Techniques Checklist

☐ Pipetting
☐ Lab Safety
☐ Bioproduction
☐ Registry of Standard Biological Parts
☐ Chassis Selection (e.g., DH5alpha)
☒ Bioethical Considerations
☐ Plasmid Preparation
☐ Bacterial Culturing
☐ Quality Control/Analysis
☐ Bacterial Processing (Centrifugation, Lysis, DNA Purification)
☐ DNA Construct Design
☐ Restriction Enzyme Digestion
☐ Gel Electrophoresis
☐ DNA Purification From Gel
☐ Cell-Free Systems
☐ Freeze-Dried Cell-Free Systems
☐ Databases (GenBank, NCBI, Ensembl, UCSC Genome Browser)
☐ miniPCR Tools
☐ Protein Purification

Lab Automation

☐ Creating Code for Laboratory Automation
☐ Using Liquid Handling Robots (e.g., Opentrons)
☐ Designing a Twist Order
☐ Creating a plan to use the Autonomous Lab at Ginkgo Bioworks

CRISPR

☐ CRISPR/Cas9
☐ Designing Prime Editing gRNA

Protein Design

☐ Protein Design
☐ Use of Boltz or PepMLM
☐ Use of Asimov Kernel
☐ Use of Benchling
☐ Models and Notebooks
☐ Databases

  1. Expand upon two techniques you checked above (minimum four sentences).
  2. Identify any HTGAA Industry Council companies associated with your project (optional):
    • Addgene
    • Epibone
    • Ginkgo Bioworks
    • Helix Nano
    • Millipore Sigma
    • BioFabricate
    • Biome Consortia
    • Bolt
    • Boltz.bio
    • Cultivarium
    • DeepCure
    • Mycoworks
    • New England Biolabs
    • Opentrons
    • SecureDNA
    • Takeda Pharmaceuticals
    • Thermo Fisher Scientific
    • Transfyr.ai
    • Twist Biosciences
    • Upside Foods
    • Waters Corporation

SECTION 5: RESULTS & QUANTITATIVE EXPECTATIONS

You are required to validate at least one aspect of your final project aims.

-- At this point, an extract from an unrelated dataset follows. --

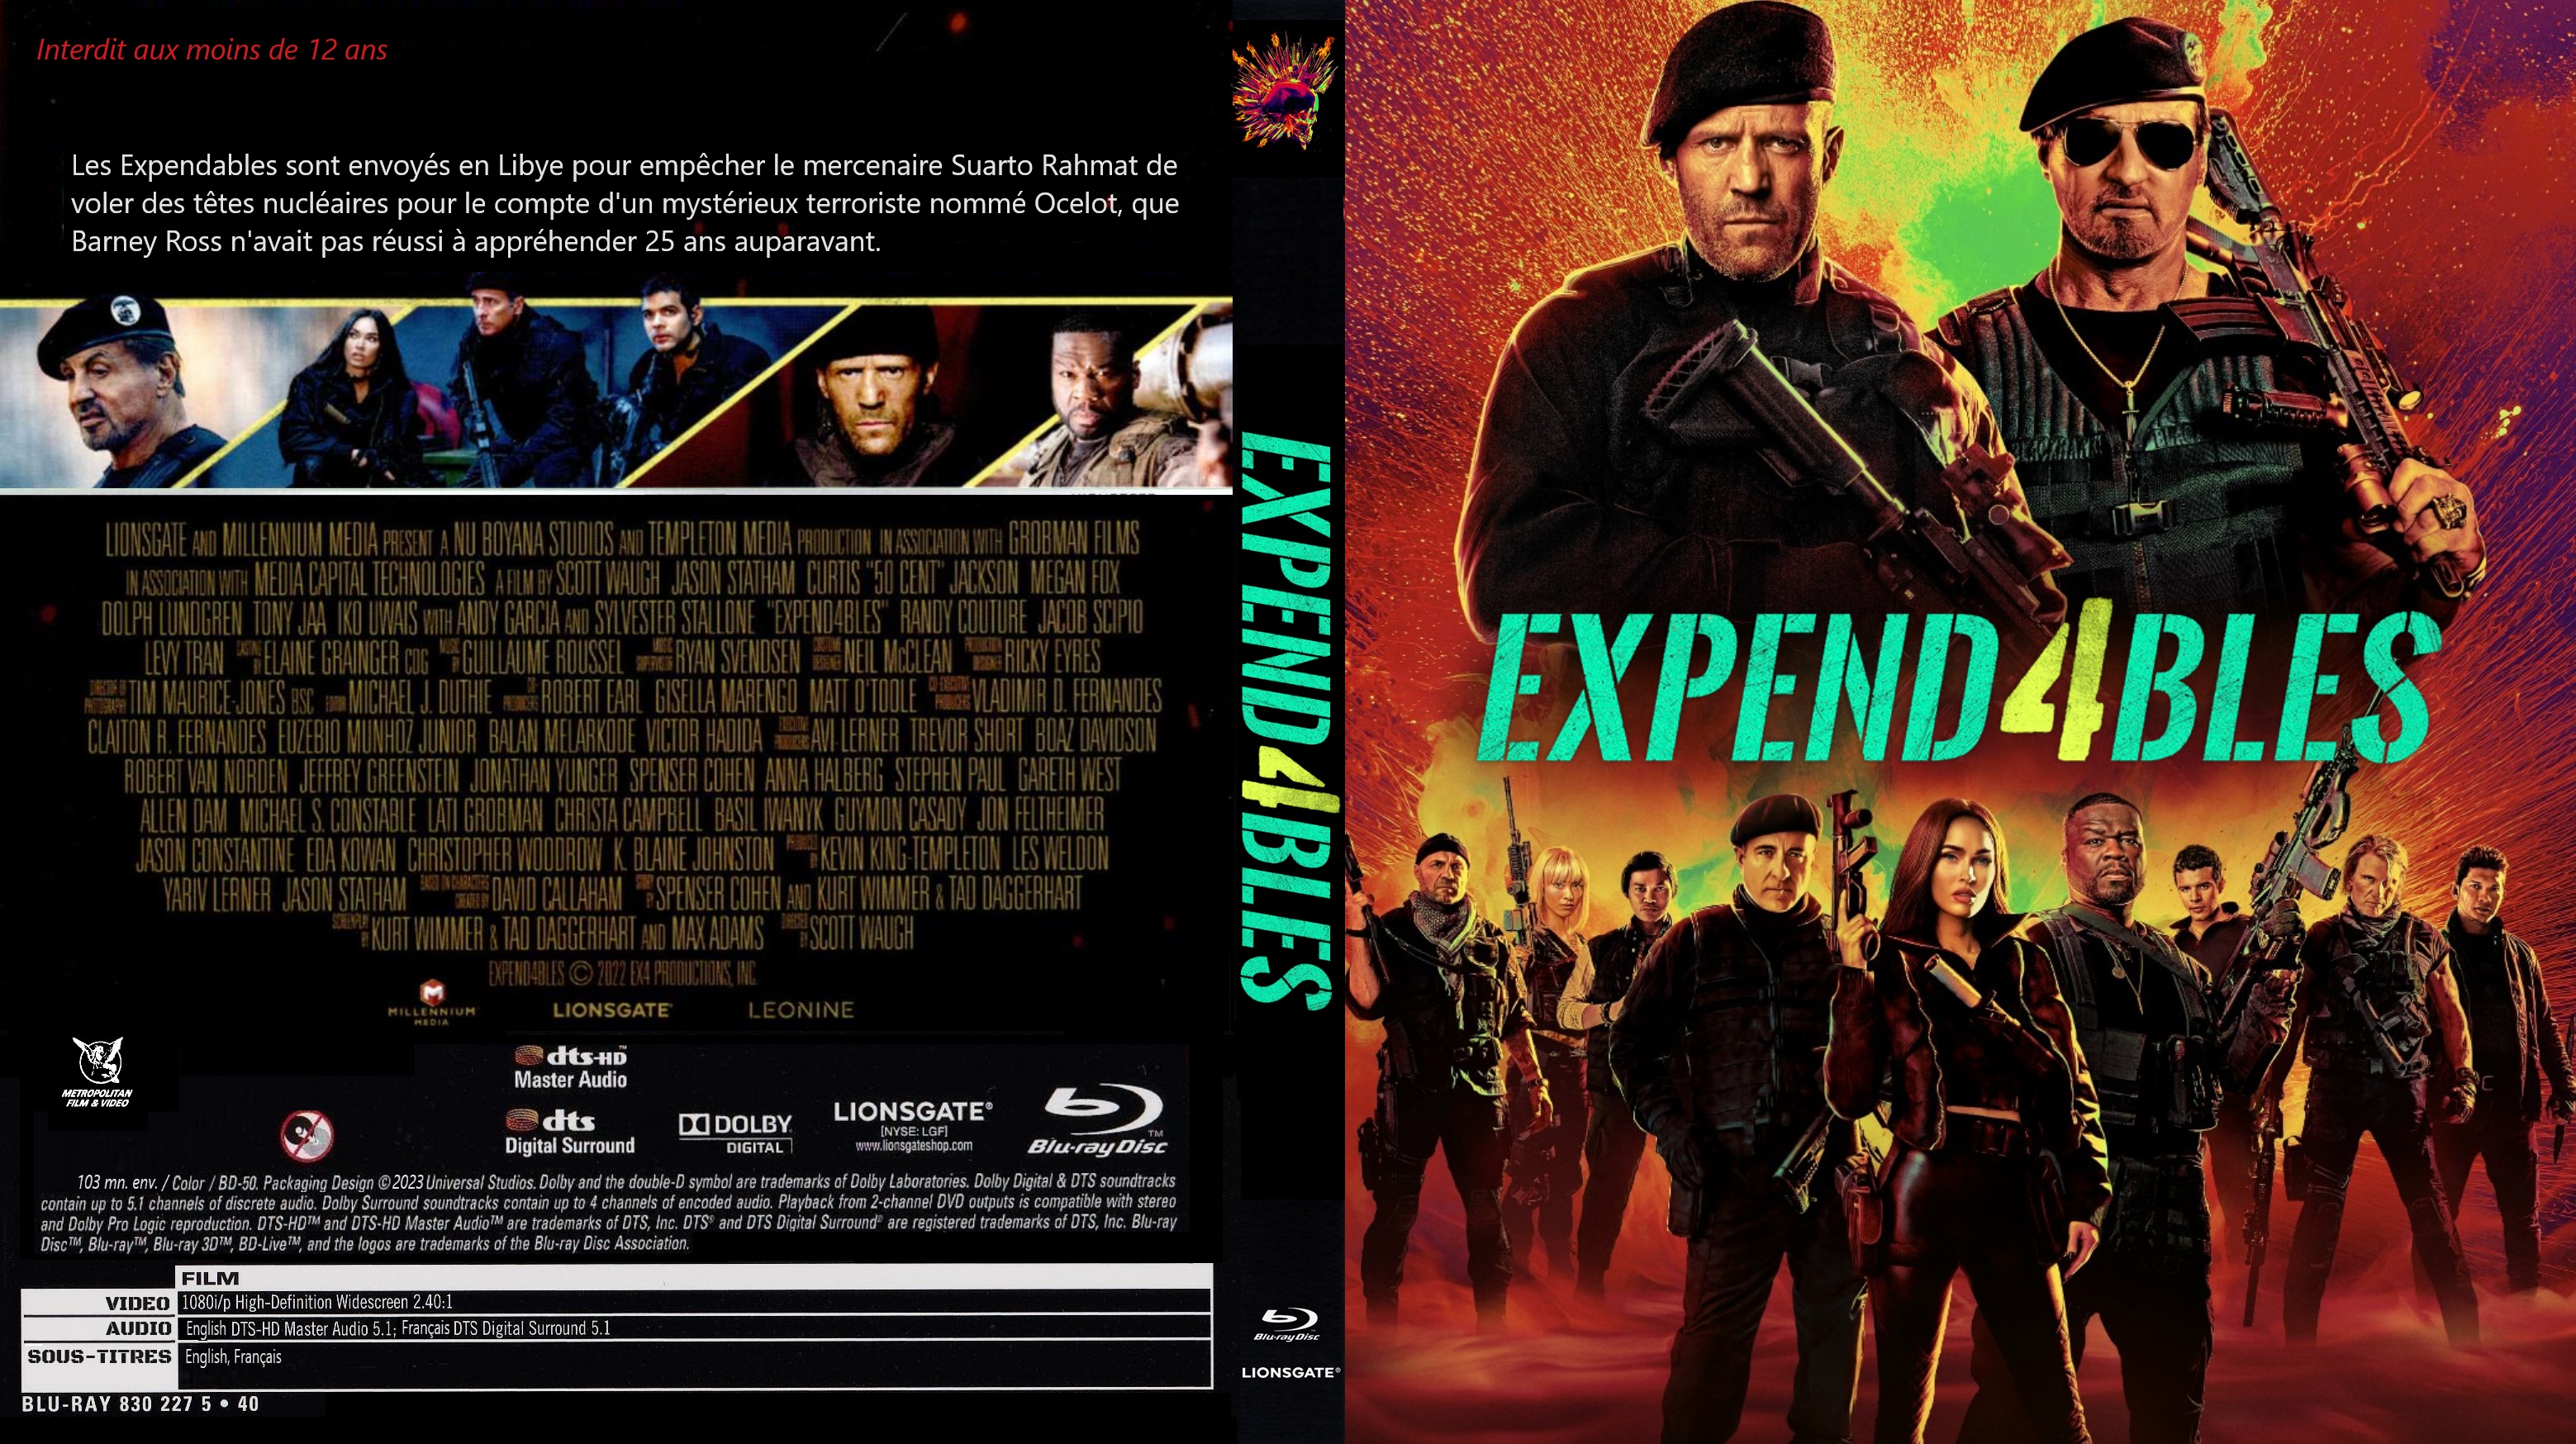 Jaquette DVD Expendables 4 custom (BLU-RAY)

Acceptable validations include:

  • Designing DNA relevant to your project
  • Performing PCR or Gibson assembly
  • Creating and performing a cell-free assay
  • Running code or computational analysis
  • Designing and testing DNA constructs via Twist
  1. What aspect of your project did you choose to validate?
  2. Write a detailed protocol of how you validated it.
  3. What synthetic biology techniques did you use?
  4. Present data and analysis (experimental or simulated).
  5. Describe challenges, limitations, and alternative strategies.

SECTION 6: ADDITIONAL INFORMATION

  • List all references cited (bullet list).
  • Create a supply list and budget for your project (bullet list).
    • Supplies, equipment, and budget needed.